→ DATASET CONTENT:
= Beginning of Section =

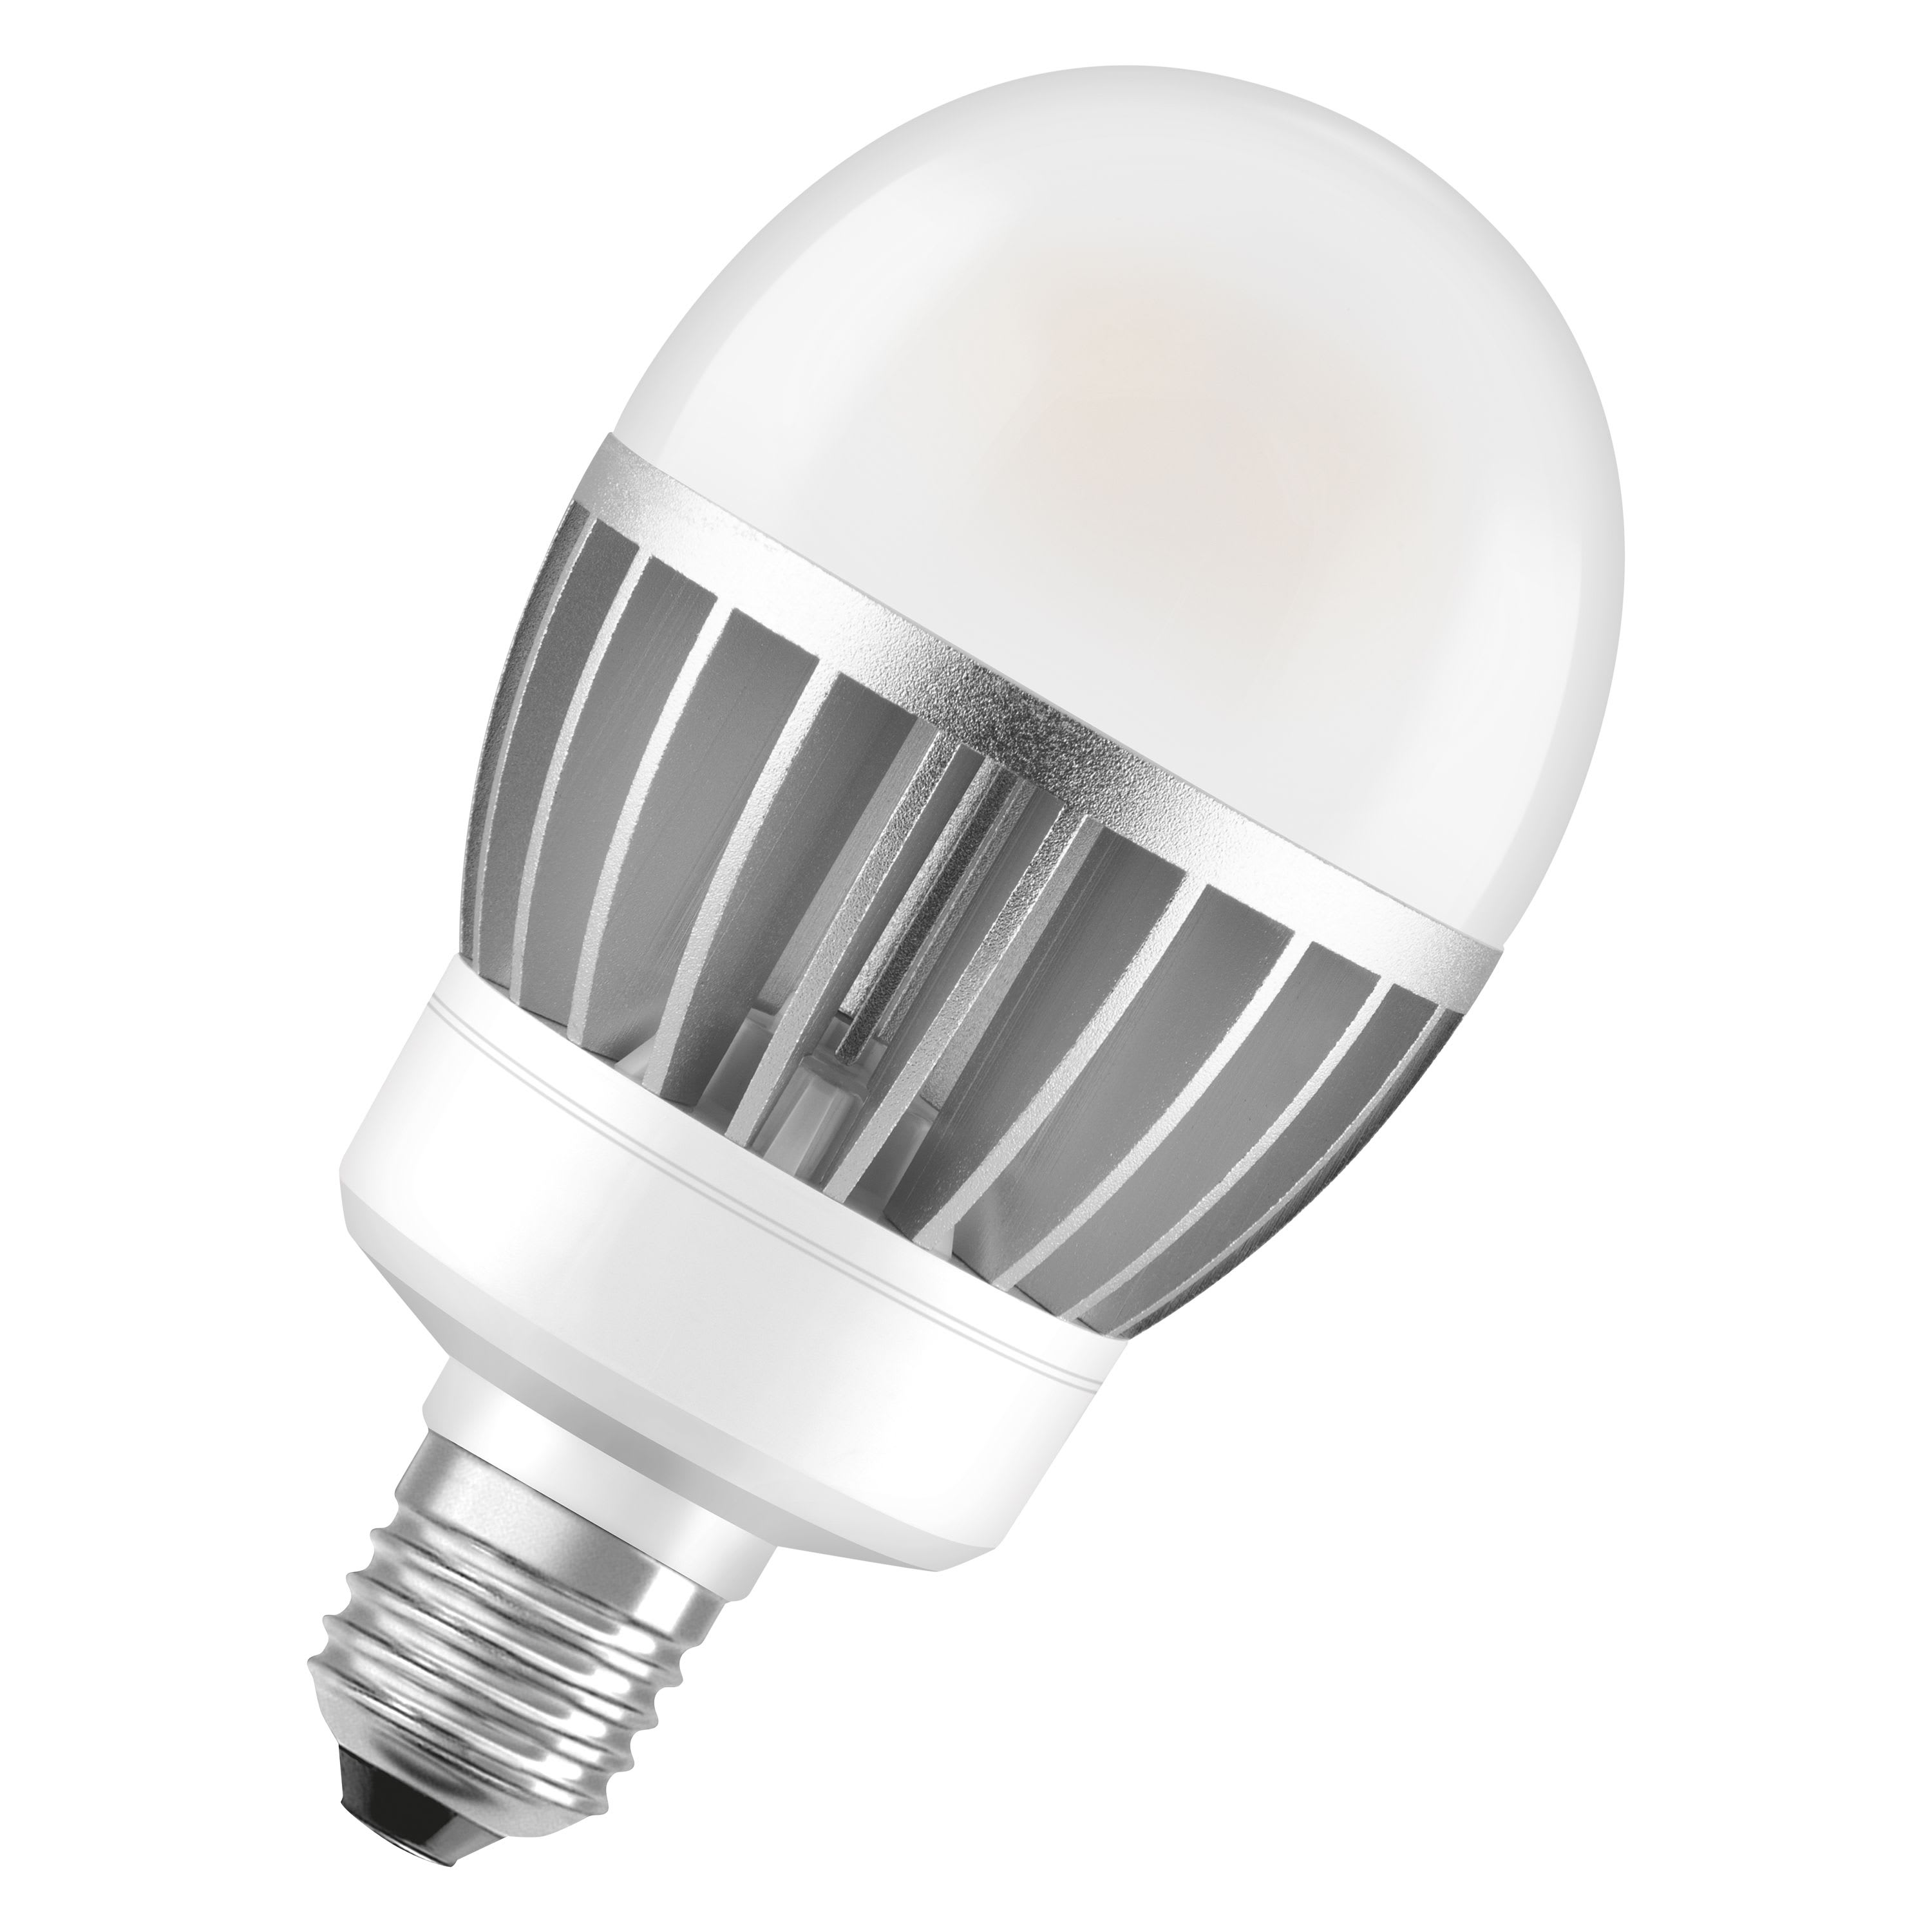 Lampe G9 230V LED 3,3W 3000K 350lm, Cl.energ.F, 25000H Aric
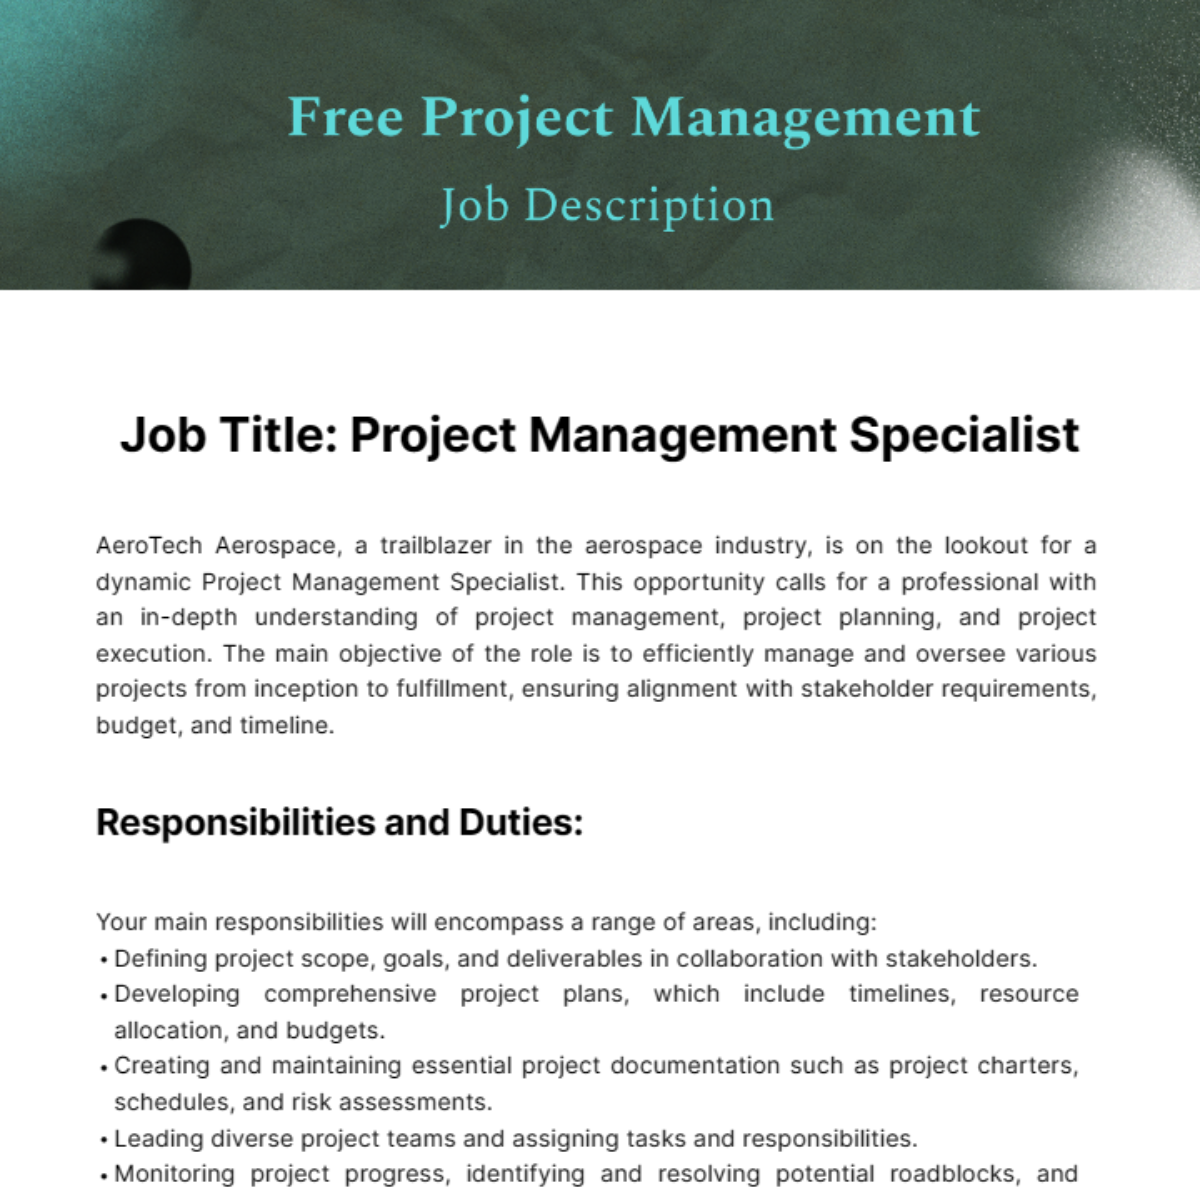 Project Management Job Description Template
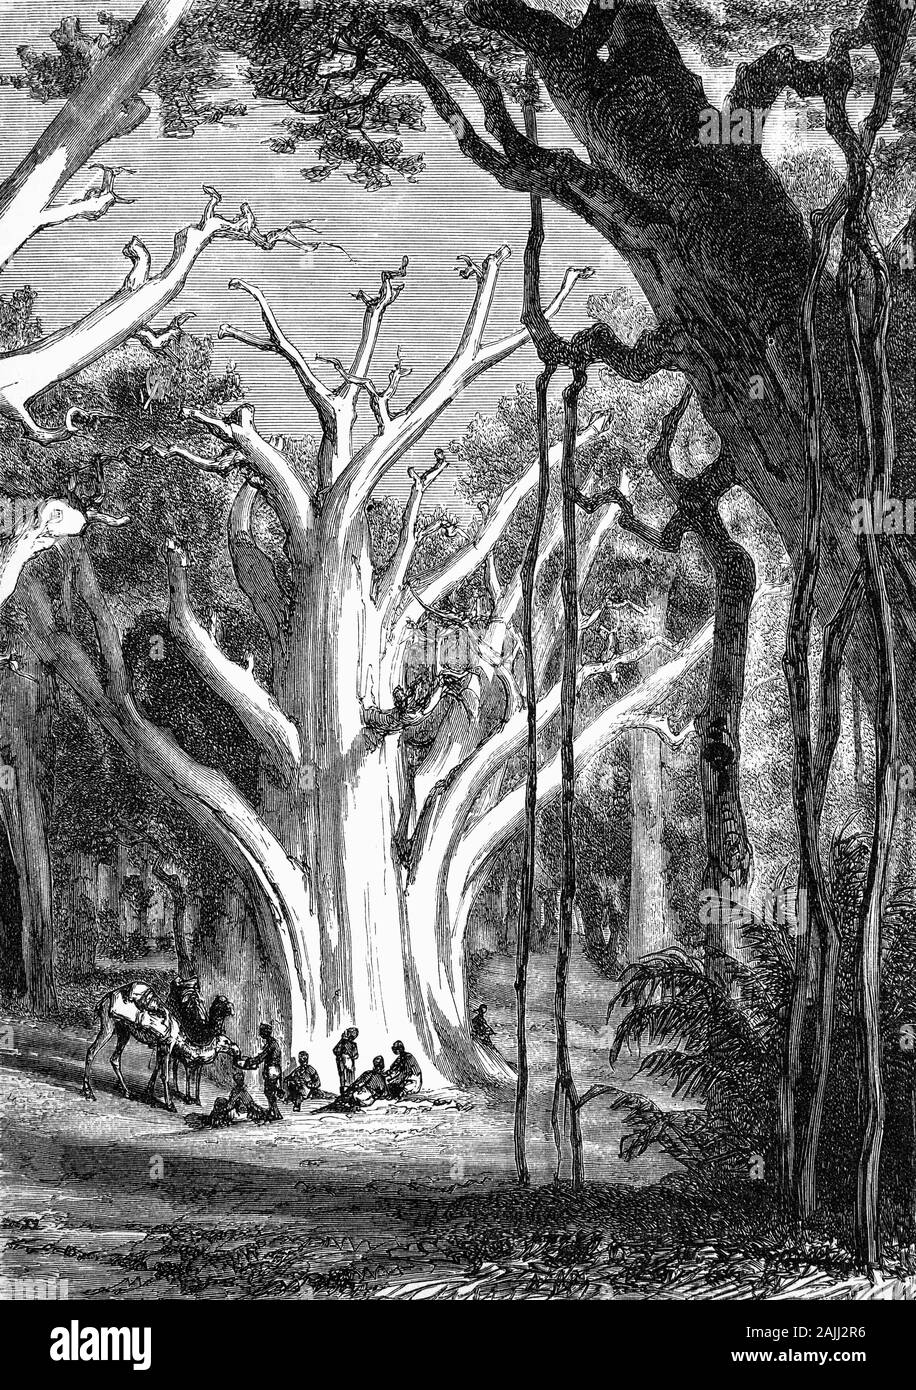 Plantes : Un Baobob géant (Adansonia digitata) est la plus répandue des espèces d'arbres du genre Adansonia, les baobabs, et est originaire de l'Afrique. Ils sont généralement trouvés dans les savanes sèches et chaudes de l'Afrique subsaharienne, où ils dominent le paysage et peut révéler la présence d'un cours d'eau. Ils ont toujours été considérées comme des sources de nourriture, d'eau, les remèdes de santé ou des lieux de refuge et sont de légendes et de superstitions. Banque D'Images

= End of Section =

→ PROBLEM TO WORK ON: Working from the lines above, reproduce the material exactly and exclude its pictures.

→ ANSWER AREA:
 Lampe G9 230V LED 3,3W 3000K 350lm, Cl.energ.F, 25000H Aric
 Project Management Job Description Template
 Plantes : Un Baobob géant (Adansonia digitata) est la plus répandue des espèces d'arbres du genre Adansonia, les baobabs, et est originaire de l'Afrique. Ils sont généralement trouvés dans les savanes sèches et chaudes de l'Afrique subsaharienne, où ils dominent le paysage et peut révéler la présence d'un cours d'eau. Ils ont toujours été considérées comme des sources de nourriture, d'eau, les remèdes de santé ou des lieux de refuge et sont de légendes et de superstitions. Banque D'Images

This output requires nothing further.